Compare.within_range?(5, 1, 10) # => true
Compare.within_range?(15, 1, 10) # => false

Key Takeaway: Use and/or/not for strict boolean logic, &&/||/! for truthy/falsy values. == for value equality, === for strict type equality. All types are comparable with defined ordering.

Why It Matters: String operations on UTF-8 binaries are optimized at the BEAM level through specialized bytecode instructions. String pattern matching compiles to binary pattern matching, enabling parsing without regex overhead. In production, this makes Elixir exceptionally fast at text processing—Phoenix template rendering, JSON parsing, and log processing all benefit from native UTF-8 support that eliminates encoding conversions present in ASCII-native languages.


Example 26: Truthy and Falsy Values

In Elixir, only false and nil are falsy—everything else is truthy. This differs from many languages where 0, "", [] are falsy.
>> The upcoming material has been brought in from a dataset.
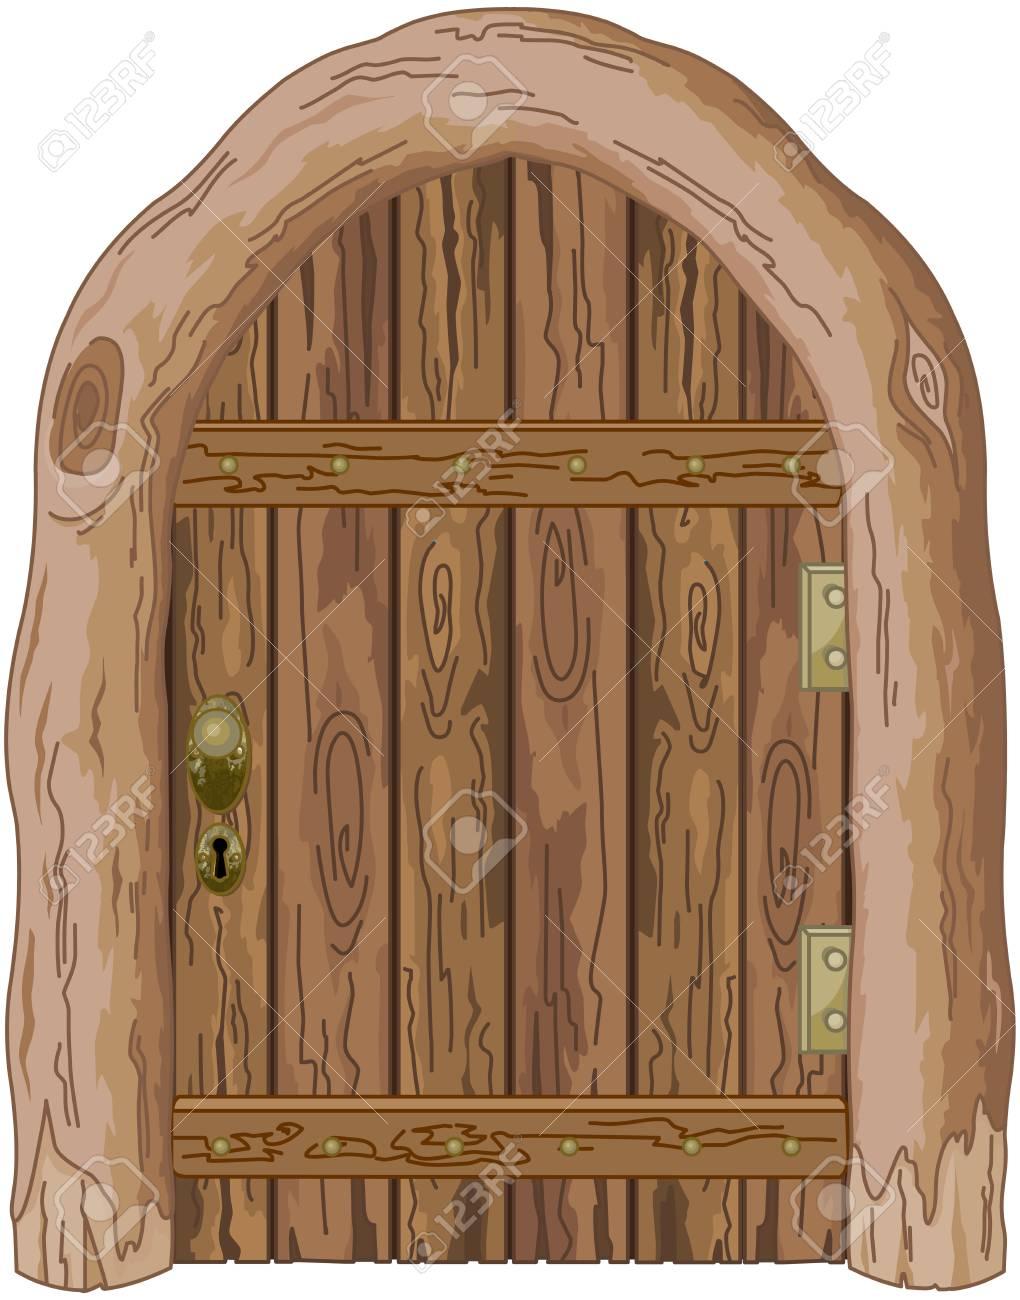 Illustration Of A Wooden Barn Door Royalty Free Cliparts Vectors

Understanding truthiness is essential for conditionals.

Code:

# Only false and nil are falsy
if false, do: "Truthy", else: "Falsy" # => "Falsy"
if nil, do: "Truthy", else: "Falsy" # => "Falsy"

# Everything else is truthy
if true, do: "Truthy" # => "Truthy"
if 0, do: "Truthy" # => "Truthy" (unlike JavaScript, Python)
if "", do: "Truthy" # => "Truthy"
if [], do: "Truthy" # => "Truthy"
if {}, do: "Truthy" # => "Truthy"
if %{}, do: "Truthy" # => "Truthy"

# Atoms are truthy (except false and nil)
if :ok, do: "Truthy" # => "Truthy"
if :error, do: "Truthy" # => "Truthy"

# Using truthy/falsy with ||
nil || false || 0 # => 0 (first truthy value)
nil || false || nil || "default" # => "default"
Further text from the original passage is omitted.